Image: http://annyas.com/

Même dans le générique d’ouverture d’Inglourious Basterds – le sixième film du réalisateur – on trouve un caméo de lui. Le titre du film est en effet écrit de sa propre main : l’image est tirée de la couverture de son scénario final, achevé en juillet 2008.

Les Huit détestables

Les deux westerns de Quentin Tarantino offrent une bonne occasion de passer en revue certains westerns spaghetti, même en termes de polices de caractères.

Immagine: http://annyas.com/


La police de caractères utilisée pour le titre de The Hateful Eight – le huitième film de Quentin Tarantino – a été conçue par Jay Johnson en s’inspirant de centaines et de centaines de westerns spaghetti ! En particulier, le lettrage presque ludique du titre rappelle les créations d’Iginio Lardani, le “Sergio Leone” de la conception des titres, qui a signé les intros les plus célèbres du genre. Enfin, le générique couleur moutarde des acteurs de ITC Bookman nous rappelle – si nous ne l’avions pas déjà deviné – que nous sommes en train de regarder un film de Tarantino.

Il était une fois à Hollywood

Le dernier film de Quentin Tarantino est une sorte de conte de fées hollywoodien, entre hommage et nostalgie : on y trouve des vêtements vintage, des voitures vintage, des affiches vintage et, bien sûr, beaucoup, beaucoup de lettrages vintage.

Image: http://annyas.com/


L’un des aspects les plus intéressants du film – pour les fans que nous sommes – est sans aucun doute la scène où les enseignes lumineuses d’Hollywood s’allument une à une. Une séquence qui nous offre trente secondes de pure immersion dans le graphisme des années 1960 !

Mais parlons du générique de début. Once Upon a Time in… Hollywood commence et nous nous sentons comme chez nous en voyant les polices de caractères désormais caractéristiques : ITC Bookman et ITC Busorama, en couleur moutarde bien sûr. Le titre du film, quant à lui, ne fait son apparition que dans le générique, comme pour sceller la fin de ce conte de fées moderne.

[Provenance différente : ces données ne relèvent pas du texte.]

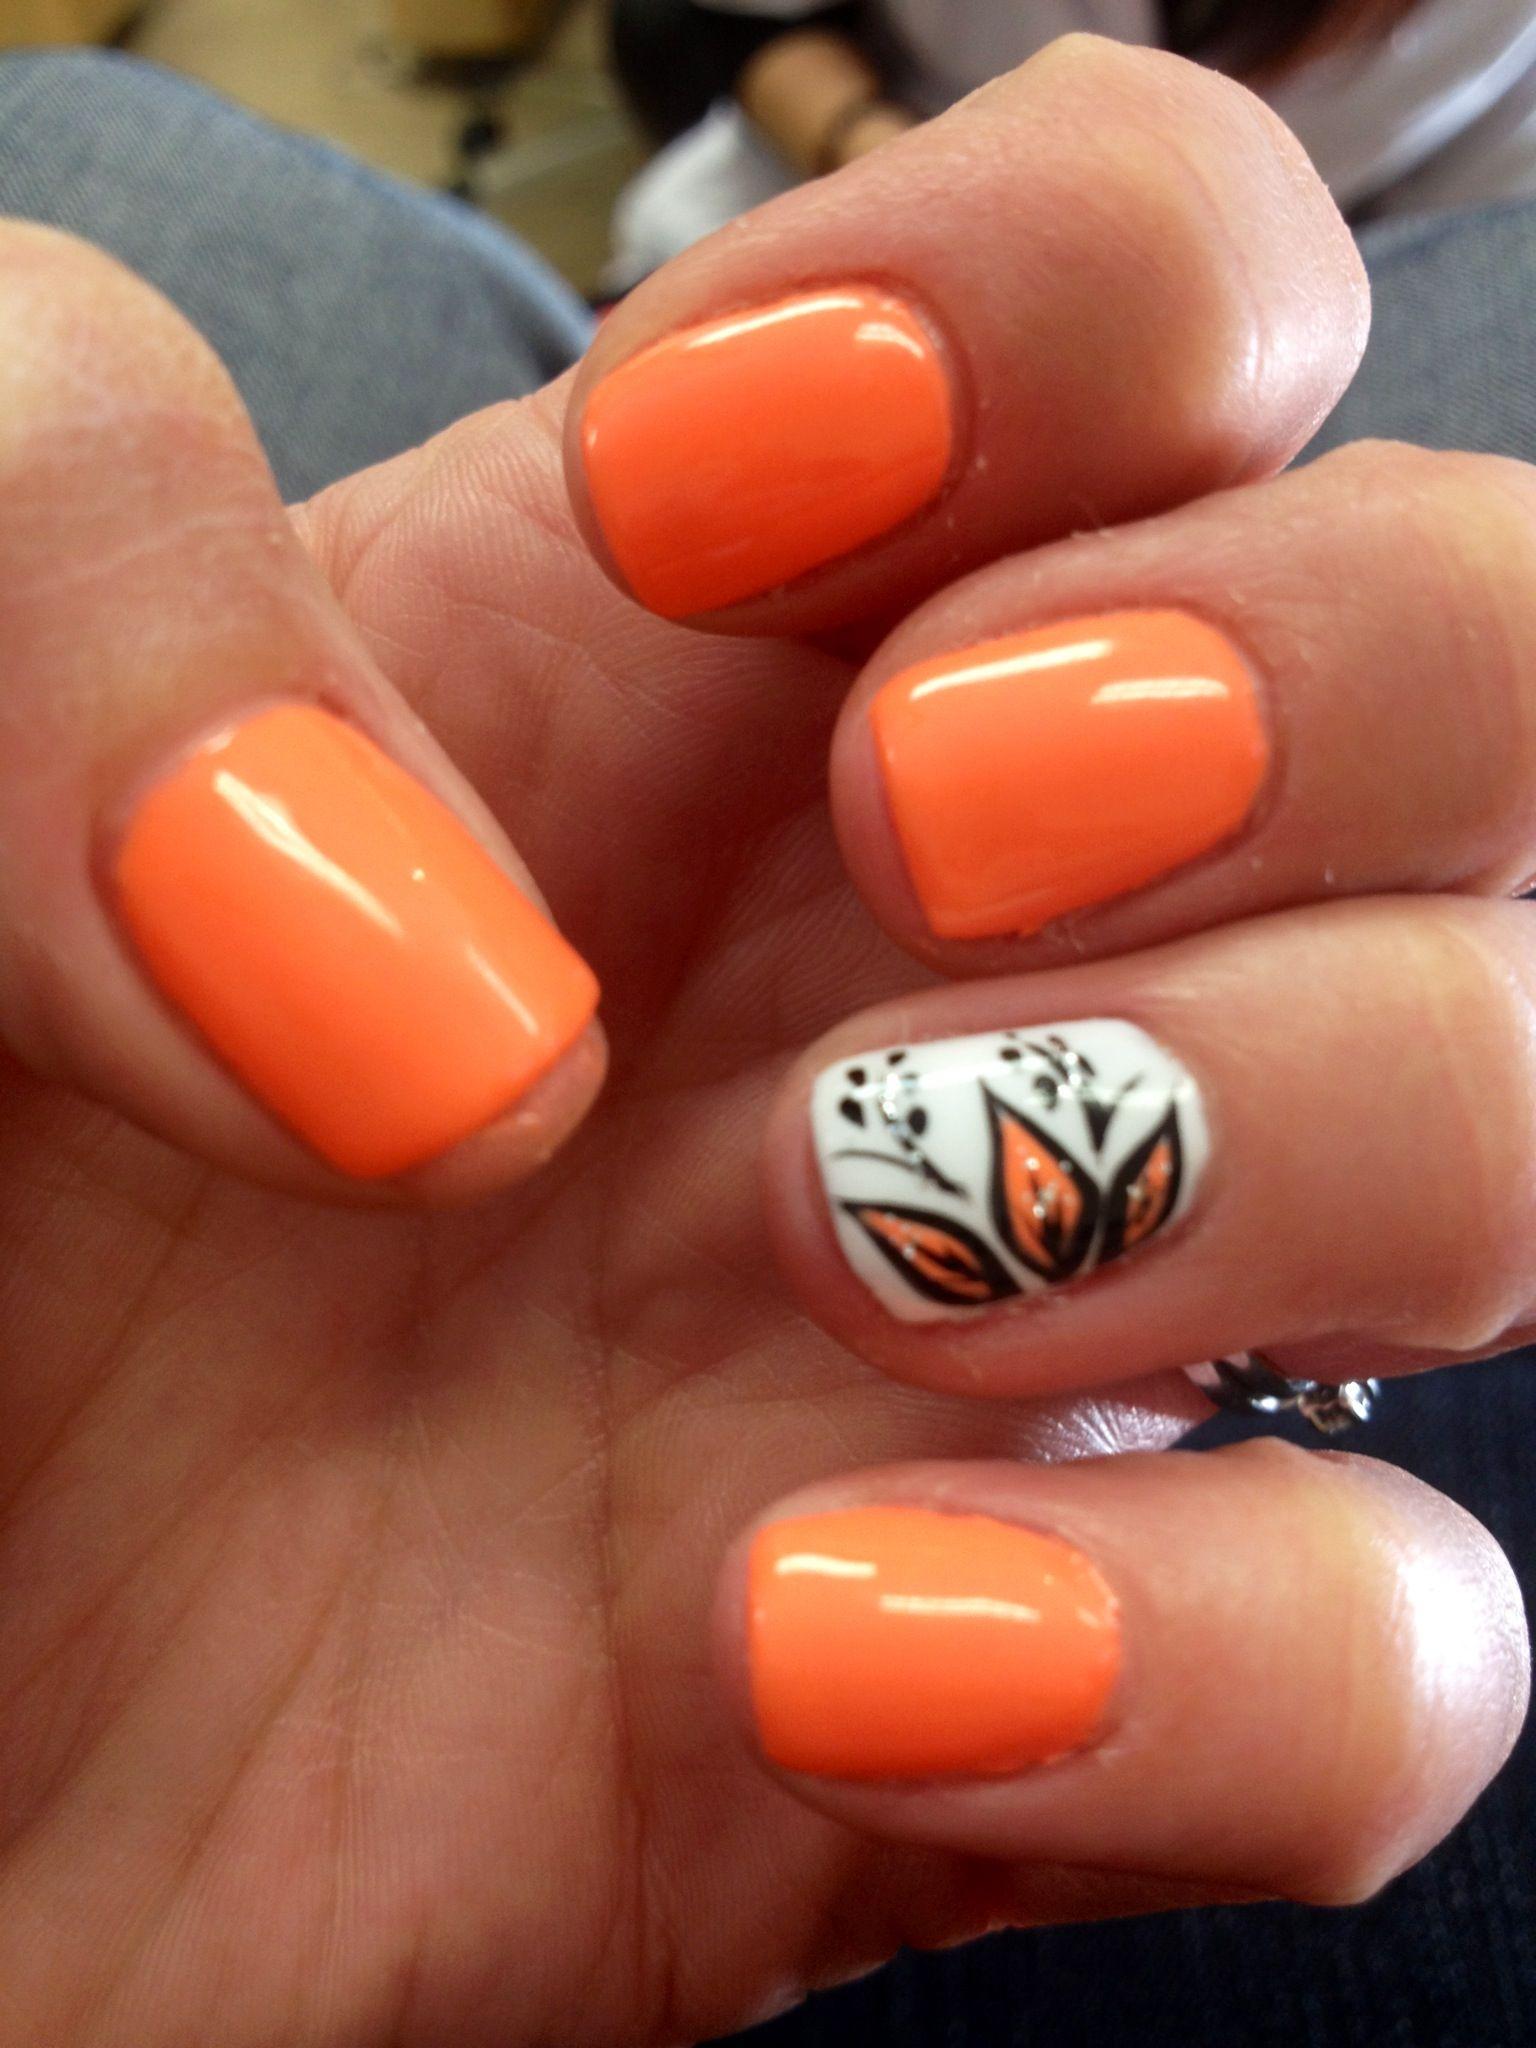 Nail Art, cute nails, nail design, shellac, gellish, summer nail designs,  flower design, nails, - 33 Earthy And Stylish Fall Nail Art Ideas Nail'd It Pinterest

Nous avons ainsi vu que les choix typographiques des films de Tarantino ne sont pas éloignés de sa manière de faire des films, un style unique et désormais reconnu que le design des titres vient en quelque sorte compléter. Il y a des éléments récurrents, comme le Bookman et le Busorama. Certaines polices de caractères citent explicitement des courants esthétiques entiers, comme le western ou l’univers funky de Jackie Brown. Il y a aussi une touche saine de beau personnalisme à la… Tarantino.